-- Provided entries follows --

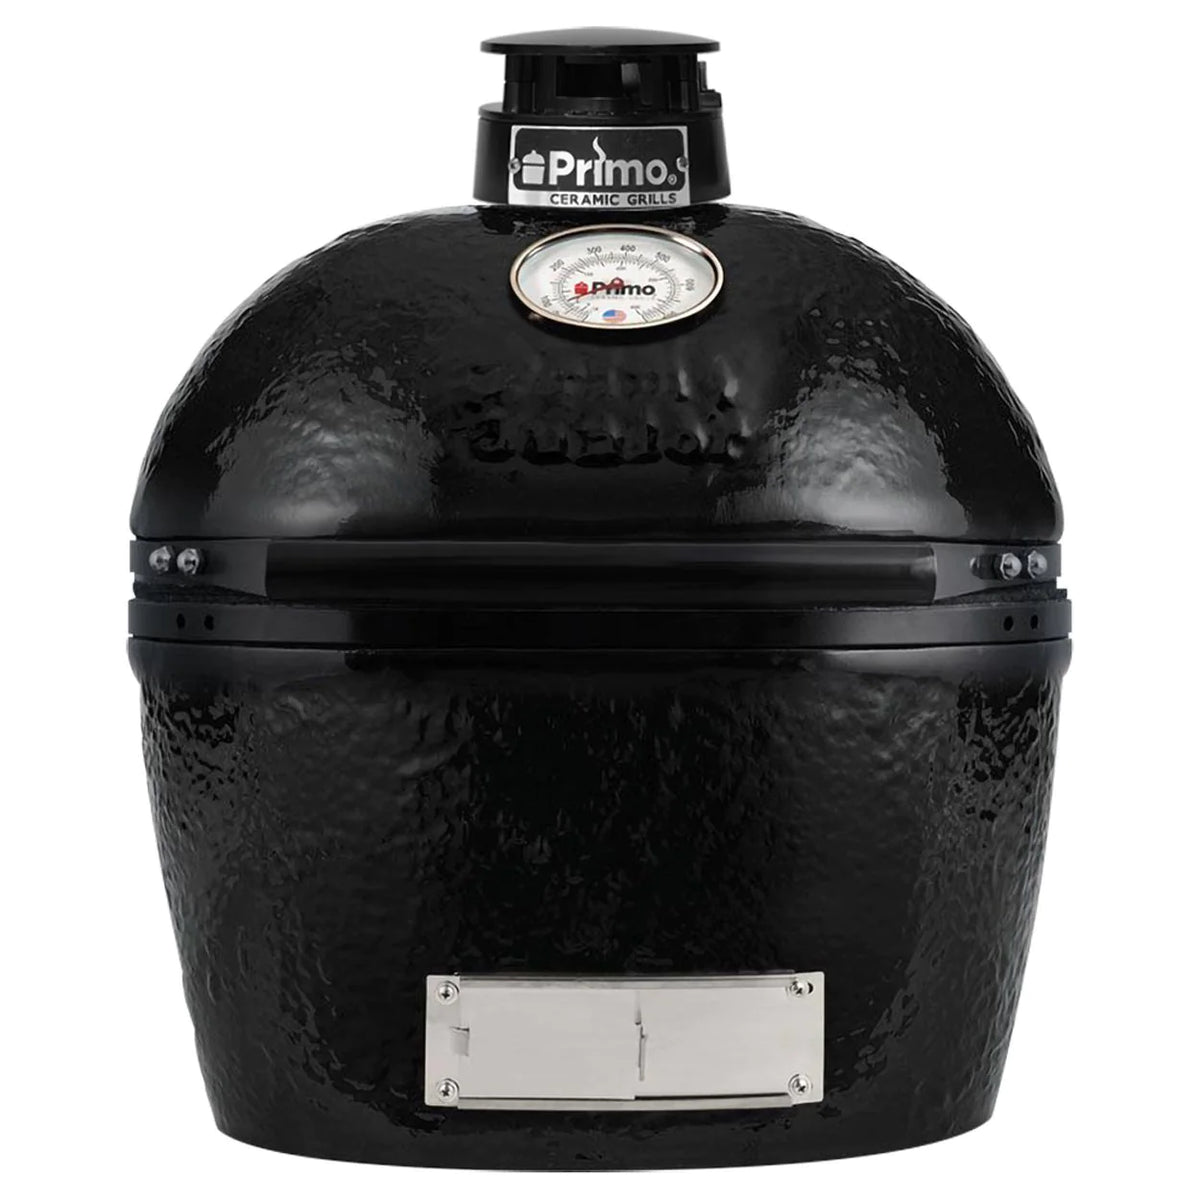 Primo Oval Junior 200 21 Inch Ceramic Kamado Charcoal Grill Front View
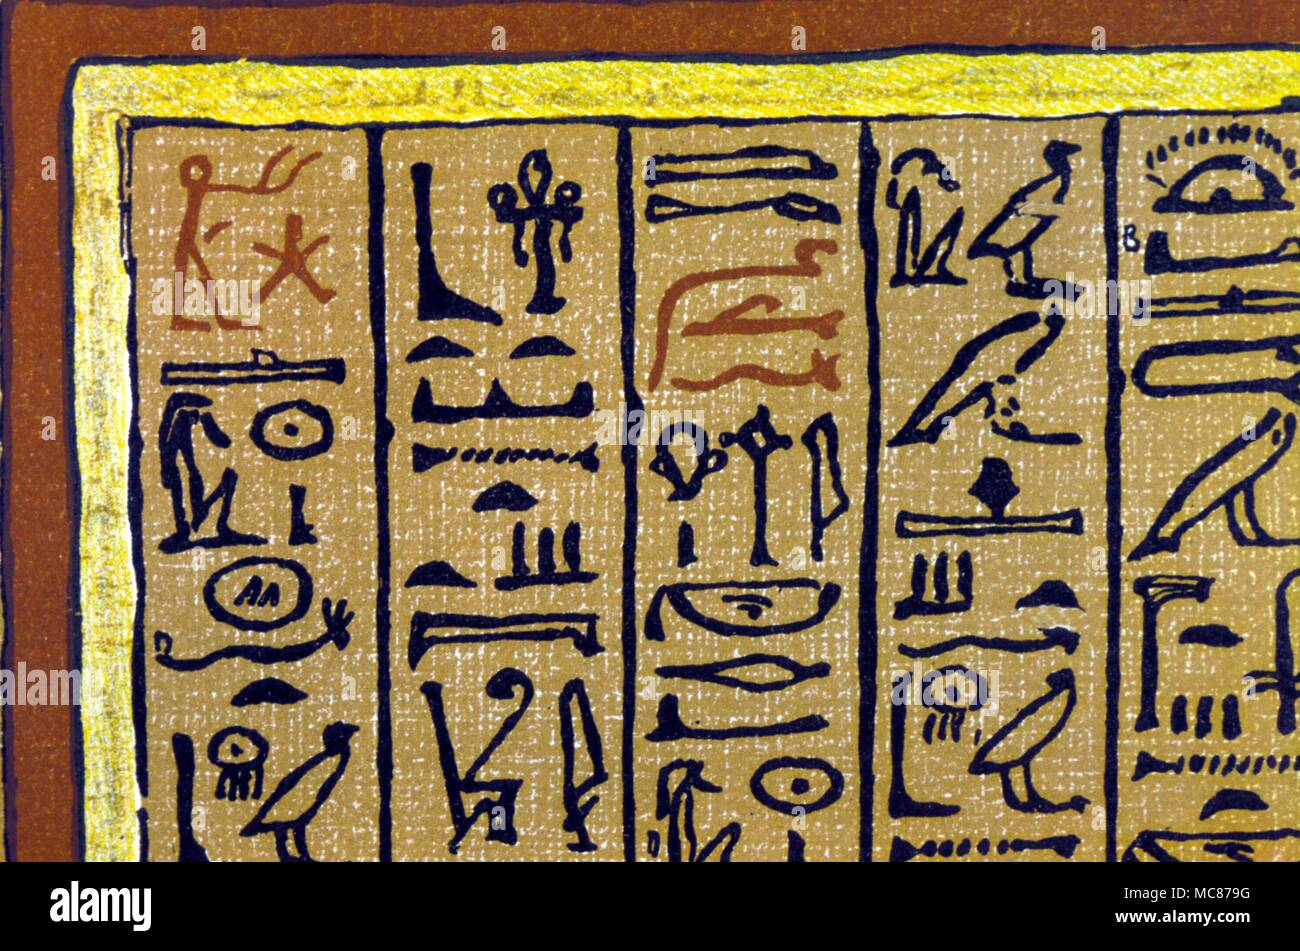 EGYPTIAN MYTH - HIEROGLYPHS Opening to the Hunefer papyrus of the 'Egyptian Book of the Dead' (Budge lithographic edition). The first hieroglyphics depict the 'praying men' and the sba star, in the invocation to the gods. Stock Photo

-- Provided entries concluded --
-- Provided entries follows --

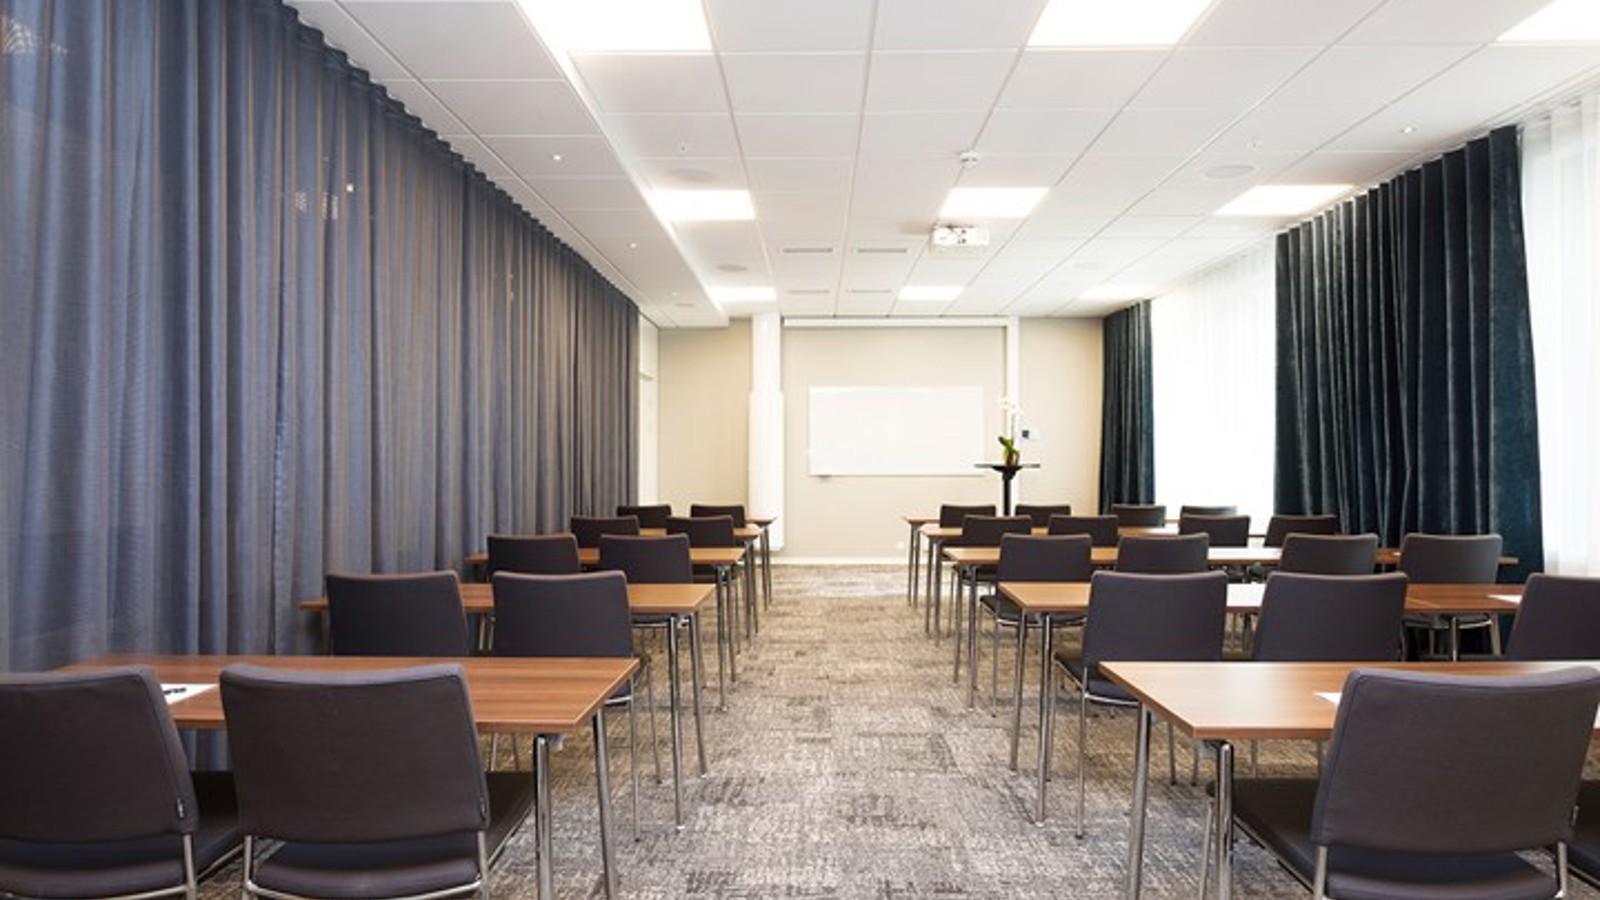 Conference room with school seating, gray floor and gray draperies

-- Provided entries concluded --
-- Provided entries follows --

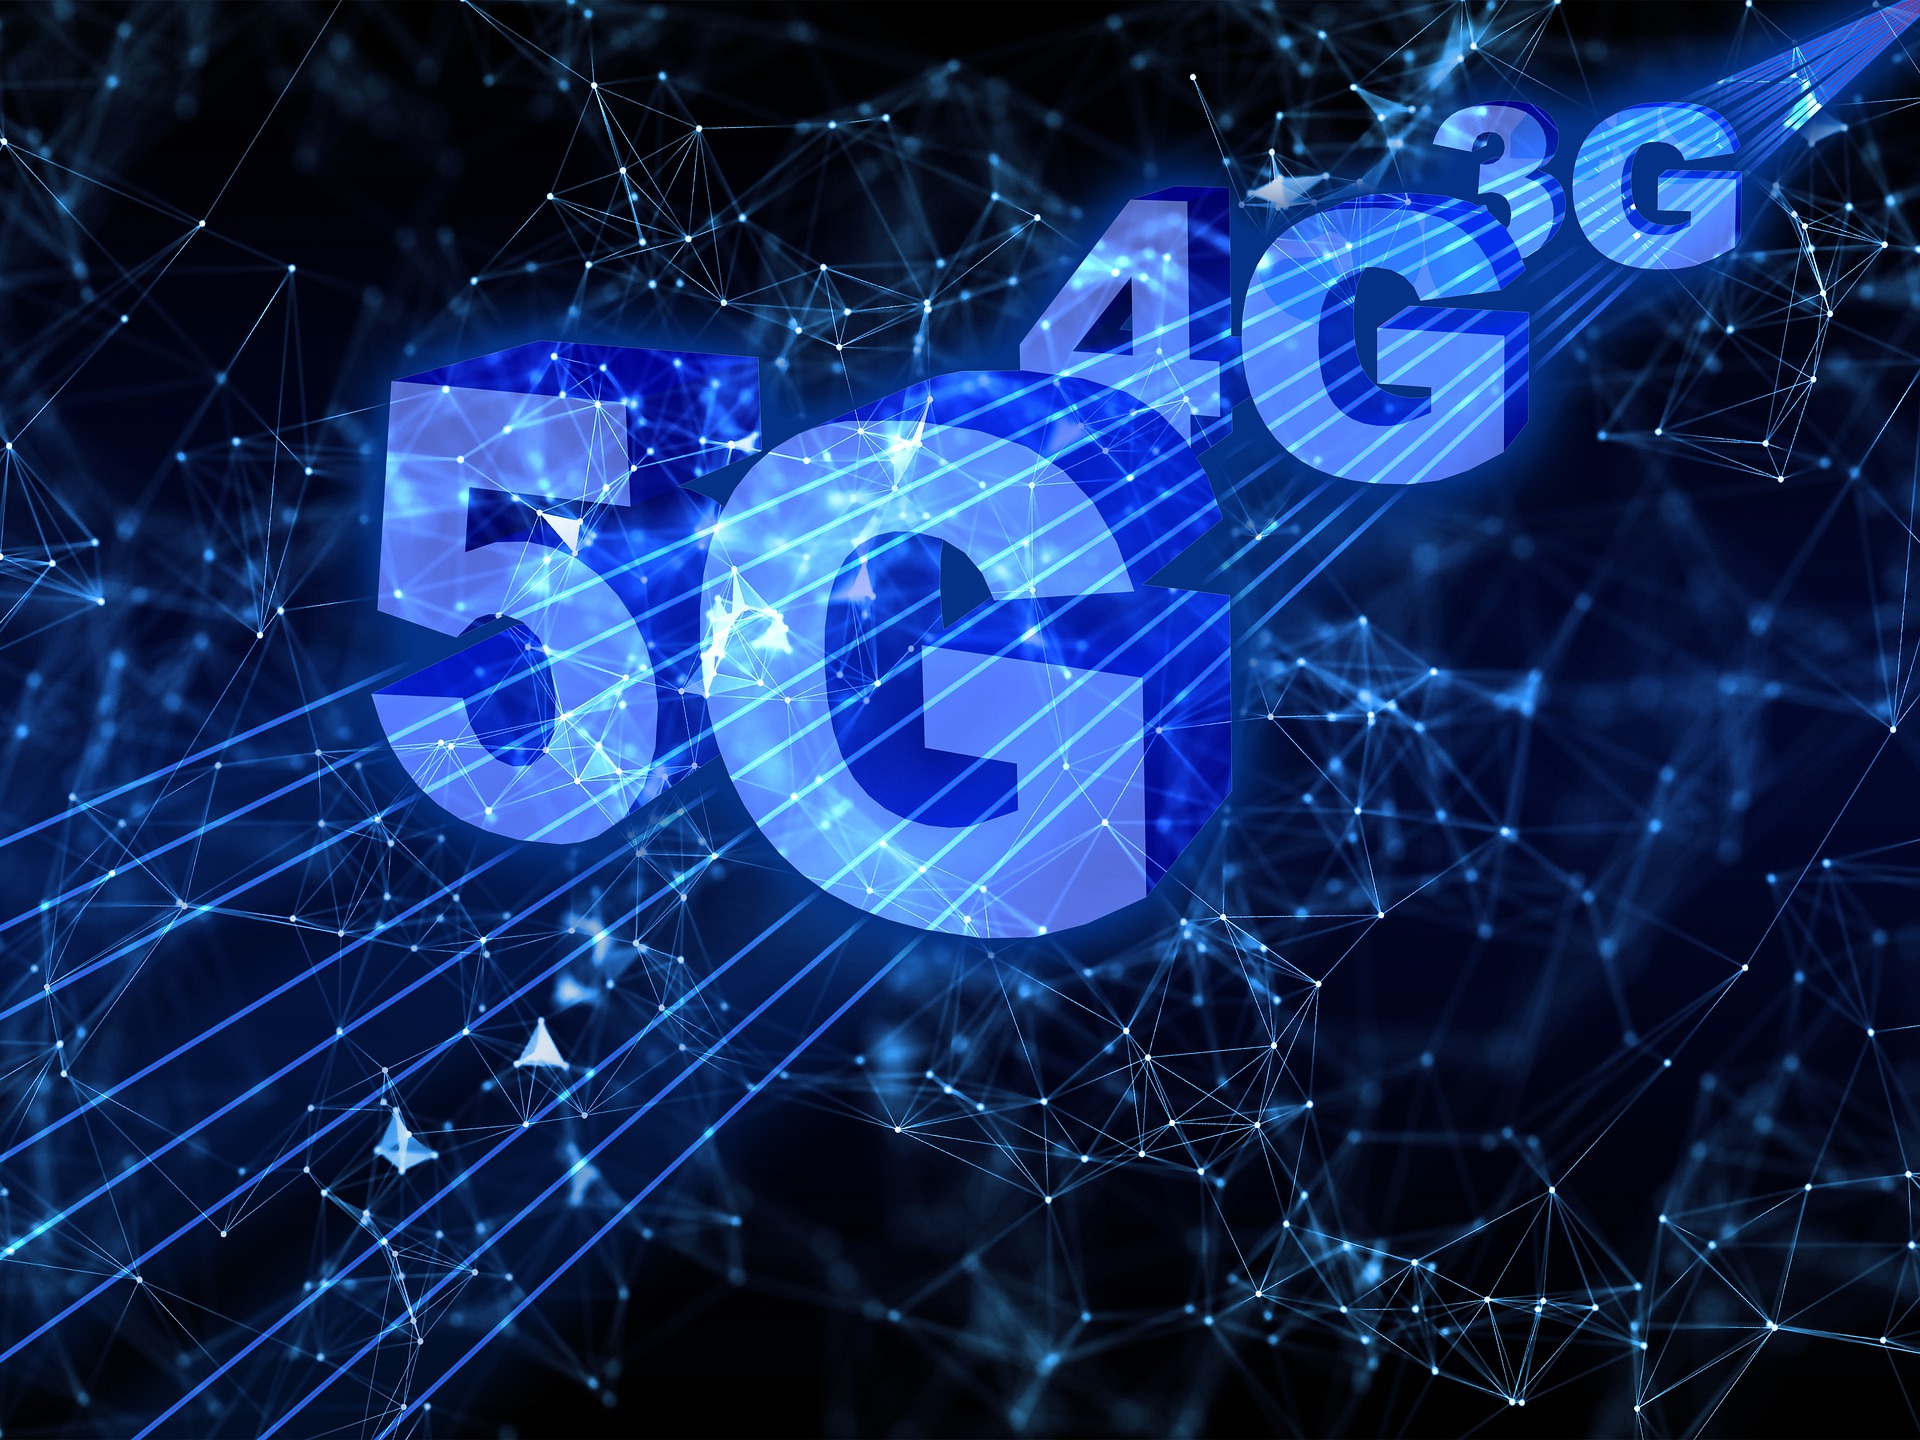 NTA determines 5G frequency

-- Provided entries concluded --

Start with the line above containing "Primo Oval Junior" and end with the line containing "EGYPTIAN MYTH - HIEROGLYPHS". Set down that stretch exactly, without any pictures.

Output of the exercise:
 Primo Oval Junior 200 21 Inch Ceramic Kamado Charcoal Grill Front View
 EGYPTIAN MYTH - HIEROGLYPHS Opening to the Hunefer papyrus of the 'Egyptian Book of the Dead' (Budge lithographic edition). The first hieroglyphics depict the 'praying men' and the sba star, in the invocation to the gods. Stock Photo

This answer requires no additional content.